Aqueous solubility of CA4 loaded in F127 PM

The aqueous solubility of CA4 loaded in F127 PM was determined by LC-MS/MS as described above except that lyophilized formulations were dissolved in dH2O (1 mL) to yield a theoretical concentration of 1 mg CA4/mL (data not shown) or 10 mg CA4/mL based on actual CA4 loading and diluted to yield CA4 concentrations within the range of the calibration curve. Average mg CA4/mL ± SD (n = 3 from the same batch) was compared by one way ANOVA with Dunnet’s post-test vs. F127 PM at 12.9 wt%.

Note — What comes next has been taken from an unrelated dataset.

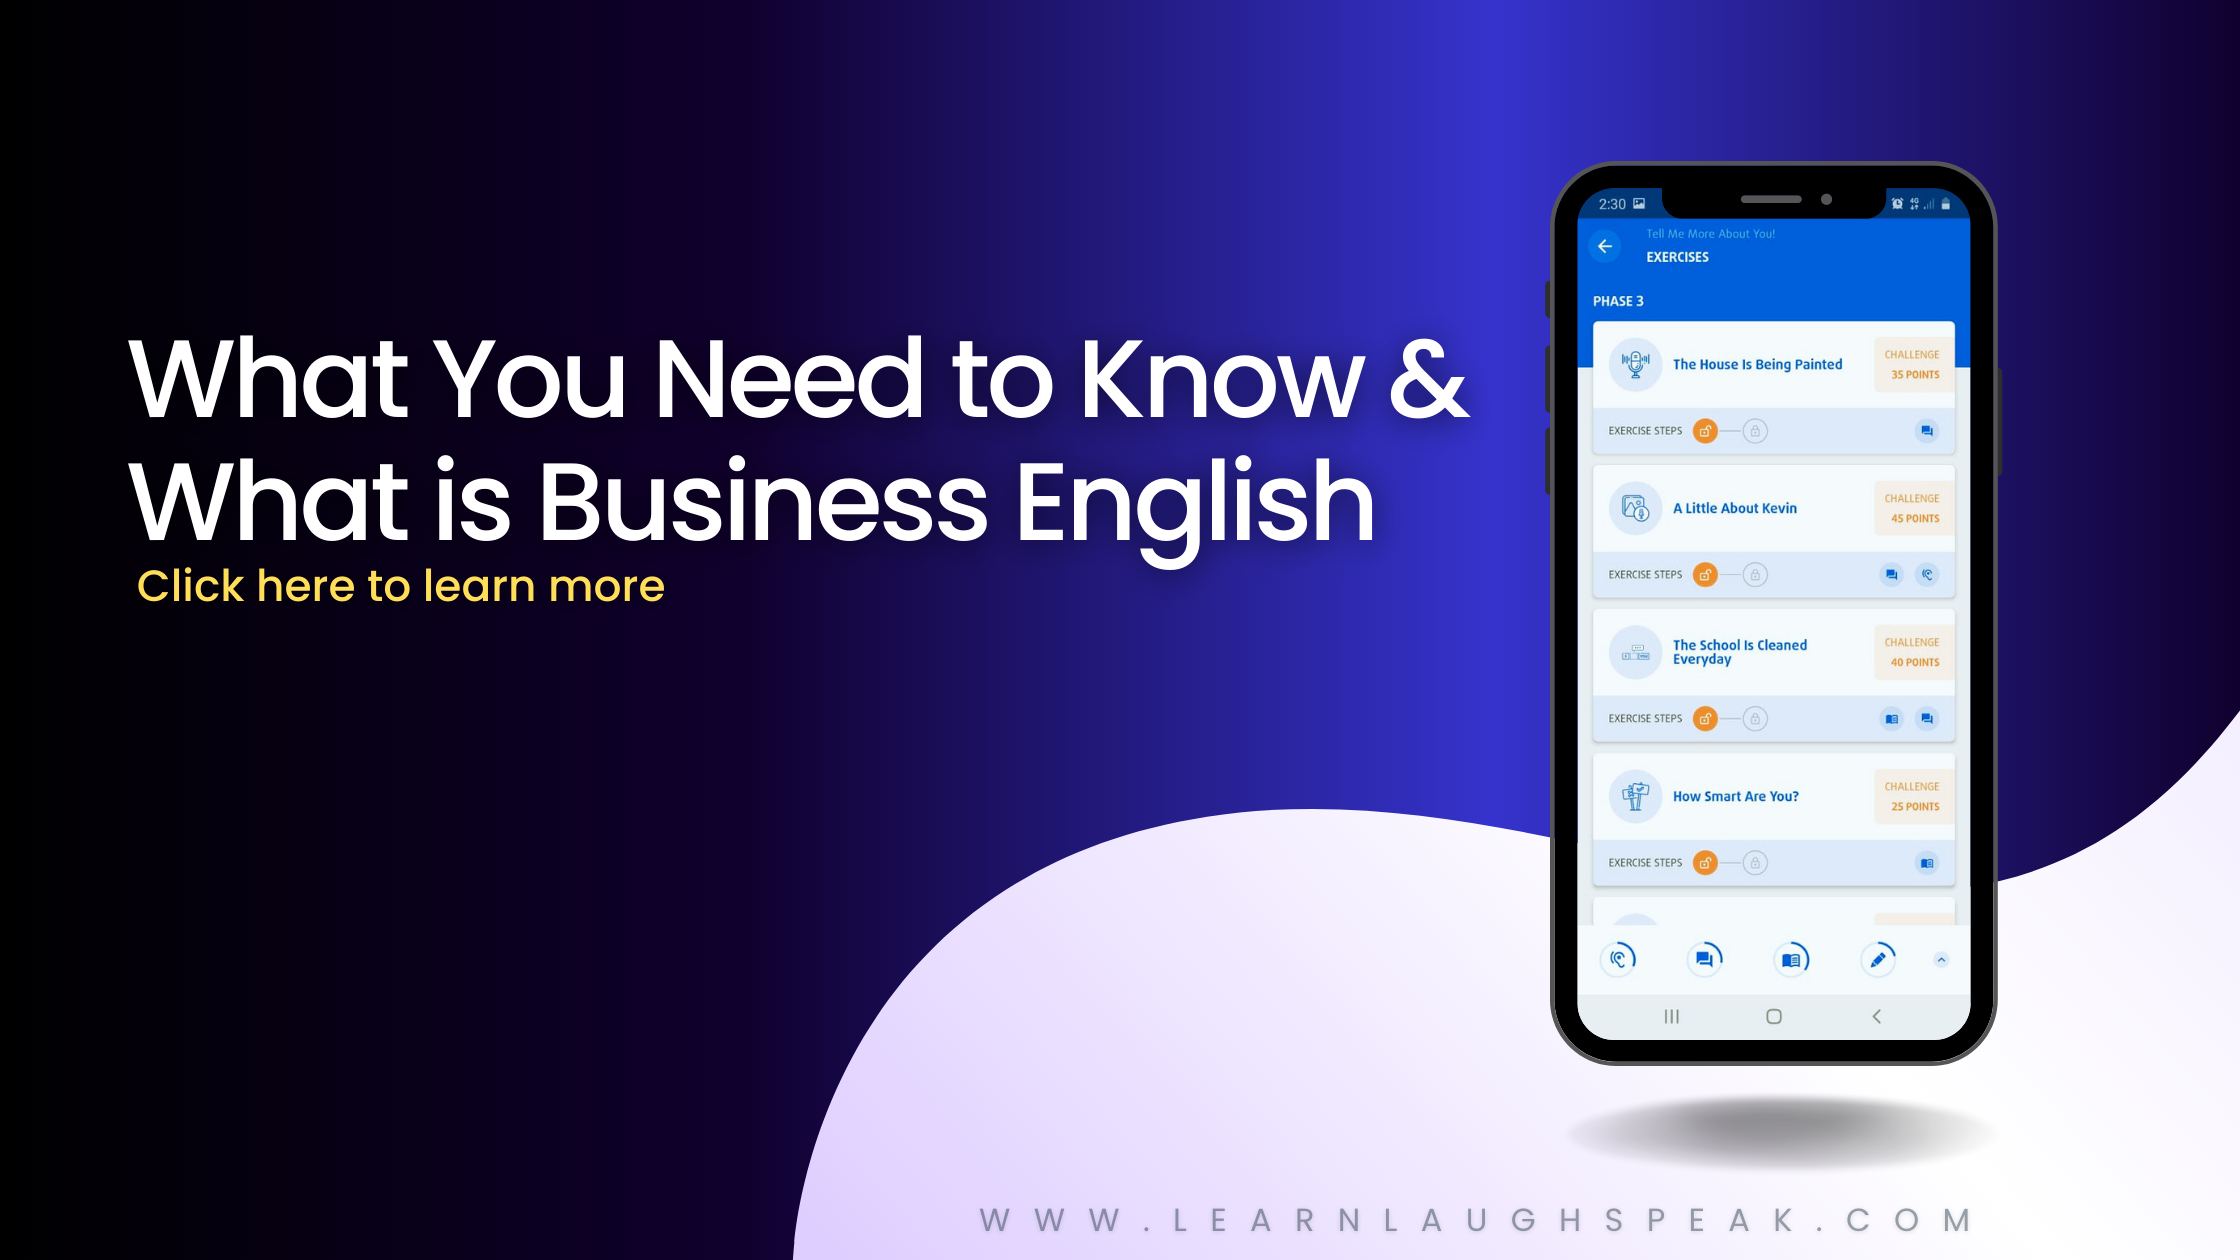 Use Business English? What You Need to Know & What is Business English

Potency of loaded CA4 against HUVEC growth in vitro

The potency and cytotoxicity of CA4 against human umbilical vein endothelial cells (HUVEC) was determined by cell counting with trypan blue. HUVEC were grown and treated at 37°C, 5% CO2. CA4 was loaded in F127 PM or X-F127 PM at 22.9 wt% theoretical as described above or solubilized in dimethyl sulfoxide (DMSO Cell Culture Grade). CA4 stock solutions (400X) were prepared in PBS (F127 PM and X-F127 PM stock solutions were based on actual CA4 loading determined as described above and diluted in growth media (Vascular Cell Basal Medium plus VEGF [ATCC]) to form CA4 treatment solutions at 0, 5 nM, 50 nM, 100 nM, 5 µM, 5 µM, and 10 µM CA4. HUVEC (Passage 3, ATCC) were grown to confluence, plated in a 24-well plate (20,000 cells/well in 0.5 mL growth media), incubated for 24 h, then treated with CA4 by replacing growth media with CA4 treatment solutions (0.5 ml), incubating 4 h, replacing CA4 treatment solutions with fresh growth media (0.5 mL), and incubating an additional 24 h. HUVEC were then washed with PBS (1 mL, 3X), incubated with Accutase (0.5 mL) at 37°C for 10 min, resuspended in growth media (0.5 mL), pelleted (400 RCF, 10 min), resuspended in growth media (50 µL), diluted 1/1 with 0.2 % Trypan blue solution in PBS (50 µL), and the cell number and percent viability was determined (Cellometer Auto T4; Nexcelom Biosciences, Lawrence, MA). An average IC50 ± SEM (n=3 wells) was calculated by log [CA4] vs. %HUVEC growth inhibition (normalized to untreated HUVEC) using a variable slope (GraphPad Prism 6).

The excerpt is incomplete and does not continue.